A. lyrata Sadhu elements were identified from iterative BLAST searches of the recent A. lyrata genome sequence assembly (JGI V. 1.0; Joint Genome Institute, Walnut Creek, CA, USA). We used A. thaliana full-length Sadhu sequences as queries in a primary search to identify a set of A. lyrata sequences, which were subsequently used as queries in secondary searches. This method is expected to identify all full-length or near full-length sequences, although shorter Sadhu-related partial elements might have been overlooked. In total, we found 21 full-length and 4 partial Sadhu elements greater than 350 bp in length (Table 5, Additional file 4). The number of full-length elements (21) is similar to that in A. thaliana (16), indicating that the element family is relatively small in both species. Full-length A. lyrata elements are structurally similar to Sadhu elements in A. thaliana: they begin with a conserved motif (5' CAATCGTTSC 3' followed by a polypyrimidine patch) and terminate approximately 900 bp downstream in a poly(A) tract. Of the 21 full-length elements, 15 feature direct target site duplications of between 8 and 18 bp in length, suggesting that they originated via retrotransposition. There are no discernable conserved open reading frames. None of the elements appear in orthologous locations to A. thaliana elements, indicating that Sadhu elements have mobilized considerably since the divergence of the two species, and that related elements are similar through retrotransposition and not through direct inheritance of the genomic region.
Table 5

Sadhu elements >350 base pairs (bp) in the Arabidopsis lyrata genome.

Sequence name

JGI scaffold coordinates (approximate)

Orientation

Length (bp) of Sadhu sequence

Target site duplication (bp)

Full length?

Percentage identity to nearest A. thaliana Sadhu

AlSadhu1-1

7:7309496-7310418

-

948

18

Yes

86

AlSadhu1-2

8:11697563-11698467

+

922

12

Yes

86

AlSadhu1-3

6:22517373-22518173

+

957

14

Yes

84

AlSadhu1-4

3:1662010-1662618

-

1009

14

Yes

81

AlSadhu1-5

1:24954753-24955365

+

924

ND

Yes

84

AlSadhu1-6

4:841417-842023

+

965

16

Yes

82

AlSadhu1-6

3:13675822-13676434

+

927

16

Yes

84

AlSadhu1d

2:14298861-14299465

+

827

ND

No

81

AlSadhu3-1

7:12620425-12621361

+

928

18

Yes

86

AlSadhu5-1

7:17697122-17698008

+

879

11

Yes

85

AlSadhu5d

6:5062639-5062768

-

791

ND

No

72

AlSadhu5d2

6:25041036-25041746

+

804

ND

No

73

AlSadhu5d3

5:4156620-4157046

-

395

ND

No

71

AlSadhu6-1

3:21898960-21899646

-

899

14

Yes

77

AlSadhu6-2

2:14183205-14186662

+

887*

15

Yes

77

AlSadhu6-3

8:5795744-5796493

+

927

ND

Yes

78

AlSadhu7-1

7:4360460-4360769

-

901

16

Yes

79

AlSadhu8-1

1:13276396-13277158

-

920

13

Yes

77

AlSadhu8-2

3:807549-808169

+

865

ND

Yes

79

AlSadhu8-3

2:25942-26642

+

908

8

Yes

77

AlSadhu8-4

8:14602238-14602861

+

875

15

Yes

75

AlSadhu8-5

7:17882685-17884241

+

930**

ND

Yes

78

AlSadhu8-6

6:17227119-17227908

-

910

ND

Yes

77

AlSadhu10-1

3:4473616-4474232

+

918

17

Yes

80

AlSadhu10-2

2:9675105-9675721

+

895

ND

Yes

80

*interrupted by 2,028 nt non-Sadhu sequence; **Interrupted by 518 nt non-Sadhu sequence; bp = base pairs; JGI = Joint Genome Institute; ND = not detected; nt = nucleotides.

A. lyrata elements are between 71% and 86% identical to the most similar A. thaliana element (Table 5).

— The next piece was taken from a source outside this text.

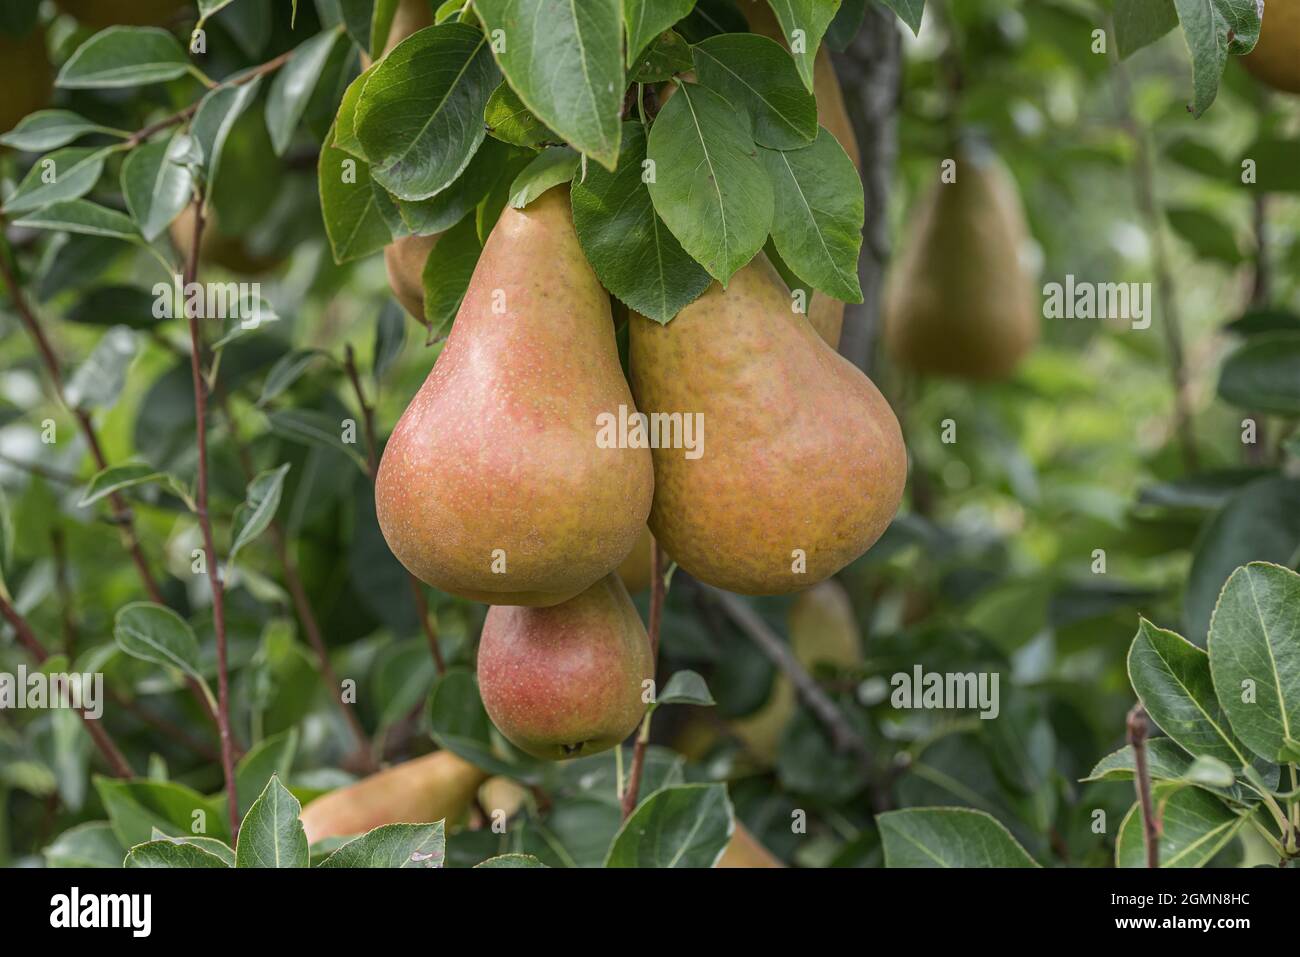 Common pear (Pyrus communis 'Durondeau de Tongre', Pyrus communis Durondeau de Tongre), pear on a tree, cultivar Durondeau de Tongre Stock Photo
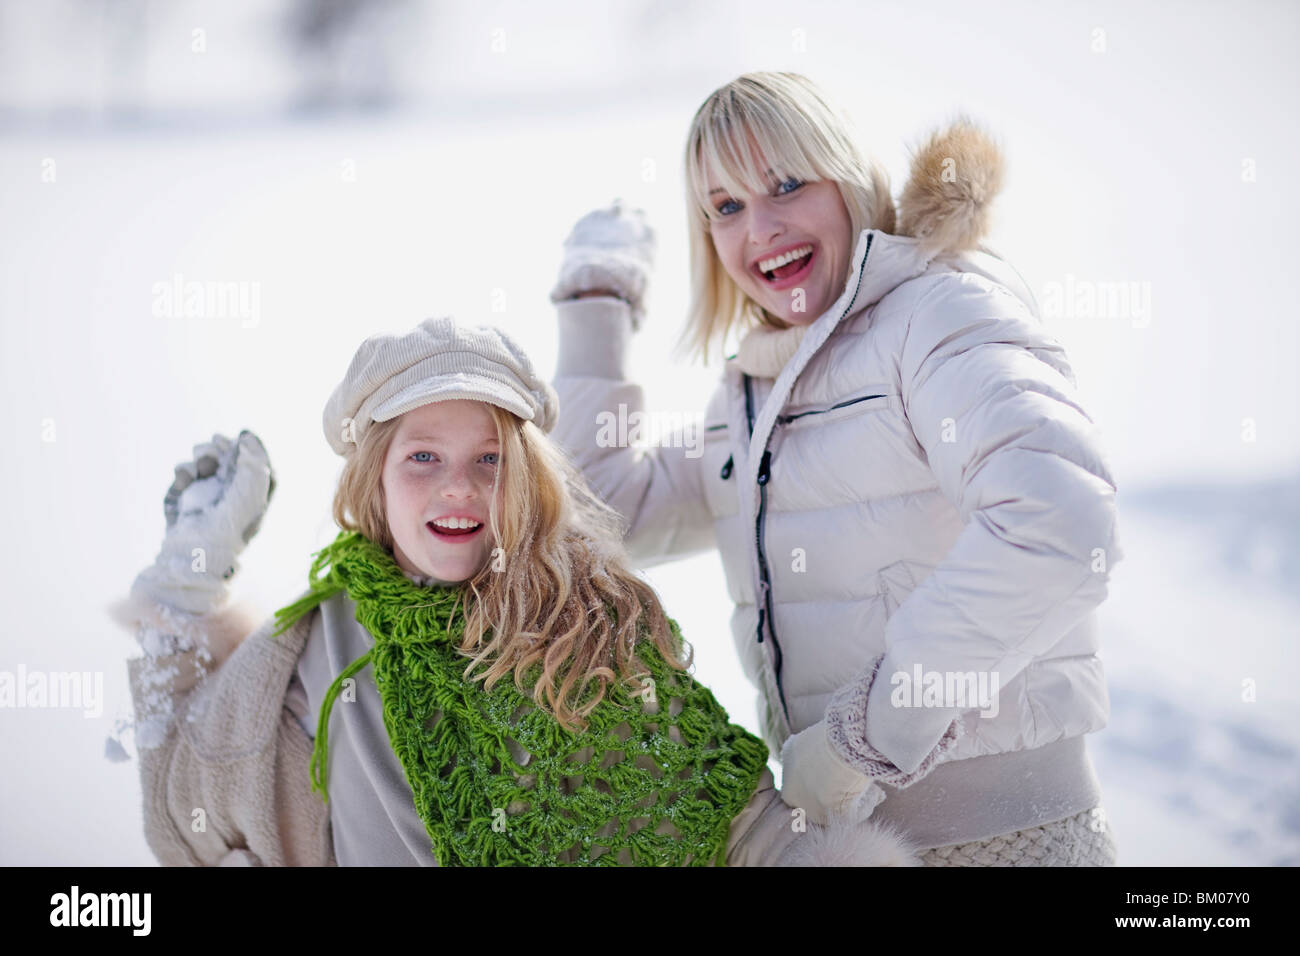 Снежки по взрослому. Игра в снежки с девушкой. Девушка играет в снежки. Красивые девушки играют в снежки. Snowball Fight девушка.

Figure 5b shows a phylogenetic tree showing the relationships among the 25 A. lyrata and 16 full-length A. thaliana elements. All A. lyrata elements clustered within previously defined subfamilies, indicating that the divergence of the different subfamilies predated the split of these two species. Most of the Sadhu subfamilies previously identified in A. thaliana have representatives in A. lyrata; however, there is a dramatic expansion of elements within certain subfamilies relative to others (Figure 5b, Table 5). For instance, the Sadhu1 subfamily contains three members in A. thaliana but has expanded to seven full-length members in A. lyrata. The Sadhu8 and Sadhu6 subfamilies are represented by only a single member in A. thaliana, but feature six and three full-length elements, respectively, in A. lyrata. These genome comparisons suggest that, while multiple distinct Sadhu subfamilies have been active since the divergence of these two taxa, different subfamilies have proliferated more in certain species than in others. Alternatively, certain subfamilies may have been pared down by deletion and elimination in one species relative to the other.

Perspective

We have identified Sadhu sequences corresponding to multiple subfamilies in the related species A. lyrata and A. arenosa. The presence of target site duplications and poly(A) tracts, along with the absence of orthologous sites, strongly suggests that Sadhu elements in these other taxa arose via retrotransposition. In a few cases, elements within a given species are greater than 95% identical to one another, indicating that these sequences have mobilized more recently than the divergence of the different species. The partial sequence available for the Brassica genome [24] does not contain Sadhu- related sequences. While these sequences may have been lost from some taxa, the high degree of divergence amongst elements in the Arabidopsis genus strongly suggests an ancient origin for these elements. Therefore, we predict that some sequences related to Sadhu elements might be present in other plants, perhaps even those quite distantly related to Arabidopsis. These presumably more divergent Sadhu relatives might share little overall primary nucleotide sequence with the A. thaliana elements, but might have maintained other recognizable diagnostic features, such as length, conserved 5' motif(s), a 3' poly (A) tract, and target site duplications.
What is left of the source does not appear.